Amerika blockiert den digitalen Dollar bis 2030 — und hat gerade eine politische Mauer getroffen

Die US-Regierung hat eine der folgenreichsten Entscheidungen zur digitalen Währung in der Geschichte getroffen — und dann sofort vor der Tür des Weißen Hauses gestoppt.

◆ Die Abstimmung: Der US-Senat hat das 21st Century ROAD to Housing Act mit einer überwältigenden Mehrheit von 85–5 verabschiedet und ein vorübergehendes Verbot für die Federal Reserve eingebaut, eine zentrale Bank- digitale Währung bis zum 31. Dezember 2030 auszugeben. (Bitcoin Stiftung)

◆ Was das Verbot tatsächlich besagt: Die gesetzgeberische Sprache ist absichtlich breit gefasst — es verbietet der Federal Reserve und ihren Mitgliedsbanken, digitale Vermögenswerte auszugeben oder zu schaffen, die als zentrale Bank- digitale Währung fungieren, egal ob der Mechanismus direkt oder über Finanzinstitute oder andere Dritte vermittelt wird. (Crypto Economy)

◆ Trump verweigert die Unterschrift: Trump hat die Pläne storniert, das Gesetz zu unterzeichnen, und will stattdessen abwarten, bis der Kongress den SAVE AMERICA Act vorantreibt.
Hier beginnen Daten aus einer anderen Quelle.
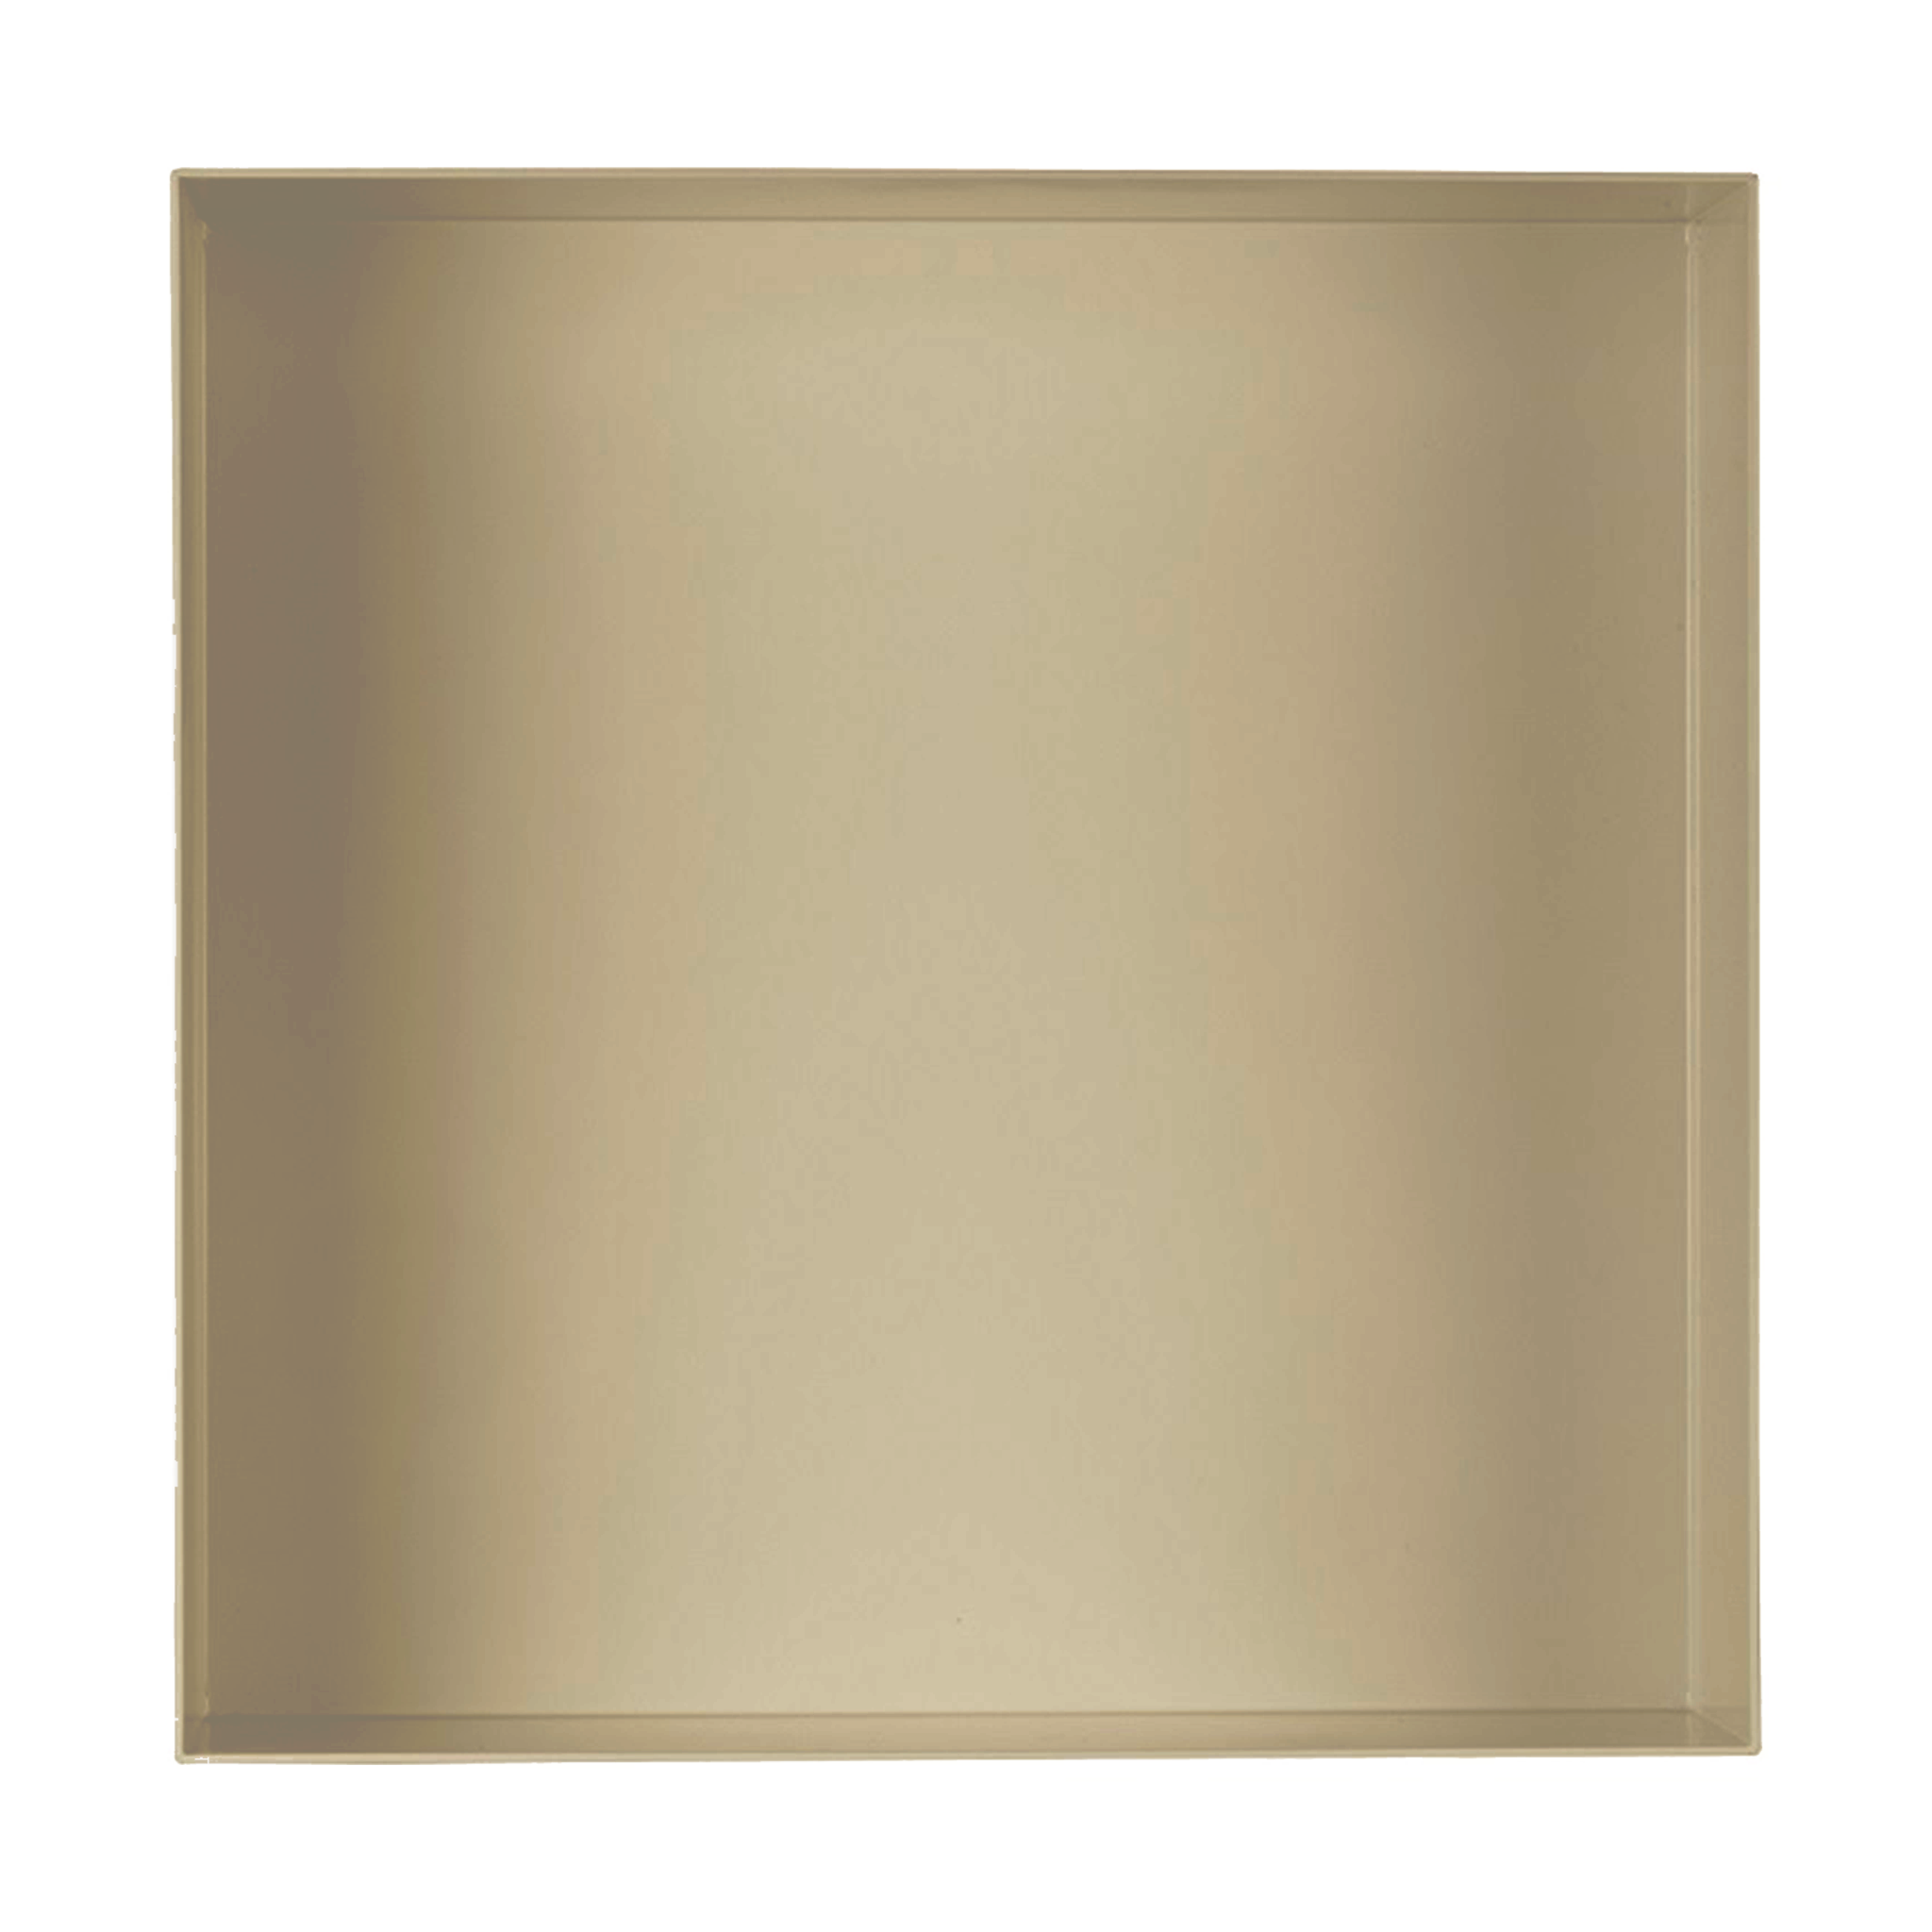 Valli Home – V-Box, Nicchia portaoggetti in Metallo smaltato color Beige KK90, Misura 40X40 P. 10 cm – V-BOX.MLLO.40X40.90

Diesen beschrieb er als nationale Notlage — wodurch die CBDC-Verbotsklausel auf Eis gelegt wird, obwohl der Gesetzentwurf das Repräsentantenhaus mit 358–32 und den Senat mit 85–5 passiert hat. (Crypto News)

◆ Wer gewinnt, wenn das Verbot bestehen bleibt: Der praktische Effekt besteht darin, die Federal Reserve formell als möglichen Wettbewerber für private Dollar-Stablecoin-Emittenten auszuschließen. USDT und USDC machen zusammen etwa 87% der gesamten Marktkapitalisierung von Stablecoins aus. Diese liegt (Stand Mitte 2026) bei ungefähr 230 Milliarden US-Dollar über alle Ketten und Emittenten hinweg. (Crypto Economy)

◆ Die beeindruckende Position von Tether: Tether hält derzeit etwa 141 Milliarden US-Dollar in US-Staatsanleihen. Damit gehört es zu den größten nicht-staatlichen Inhabern von US-Schuldverschreibungen mit kurzer Laufzeit weltweit — vor den Zentralbanken mehrerer mittelgroßer Volkswirtschaften. (Crypto Economy)

◆ Der globale Wettlauf geht weiter: Die Europäische Zentralbank zielt auf einen vollständigen Start des digitalen Euro im Jahr 2029 ab. Der digitale Yuan Chinas ist bereits in 26 Finanzinstituten über grenzüberschreitende Zahlungsnetzwerke im Einsatz (Stand Juni 2026). Die Position der USA ist daher eine gezielte vierjährige Pause — keine dauerhafte Zurückweisung. (Crypto Economy)

◆ Die Klippe von 2030: Das Verbot der Federal Reserve für CBDCs läuft 2030 aus. Dadurch entsteht ein politischer Wendepunkt, der mit einer neuen Amtszeit des Präsidenten, einer möglicherweise veränderten Zusammensetzung des Kongresses und einem geänderten internationalen Wettbewerbsmarkt zusammenfallen wird. (Crypto Economy)

◆ Kalifornien handelt unabhängig: Neue Krypto-Vorschriften treten am 1. Juli 2026 in Kalifornien in Kraft — das Gesetz zu digitalen Finanzwerten des Bundesstaats verlangt, dass jeder, der geschäftlich mit digitalen Finanzwerten im Zusammenhang mit einem in Kalifornien ansässigen Einwohner tätig wird, eine Lizenz bei der Finanzschutzbehörde des Bundesstaats einholt. (DL News)

Während Washington über digitale Dollar diskutiert, expandiert Chinas digitaler Yuan und Europas digitaler Euro rückt dem Start näher — ist die vierjährige Pause der USA ein strategischer Vorteil oder eine kostspielige Verzögerung im globalen Rennen um die monetäre Infrastruktur?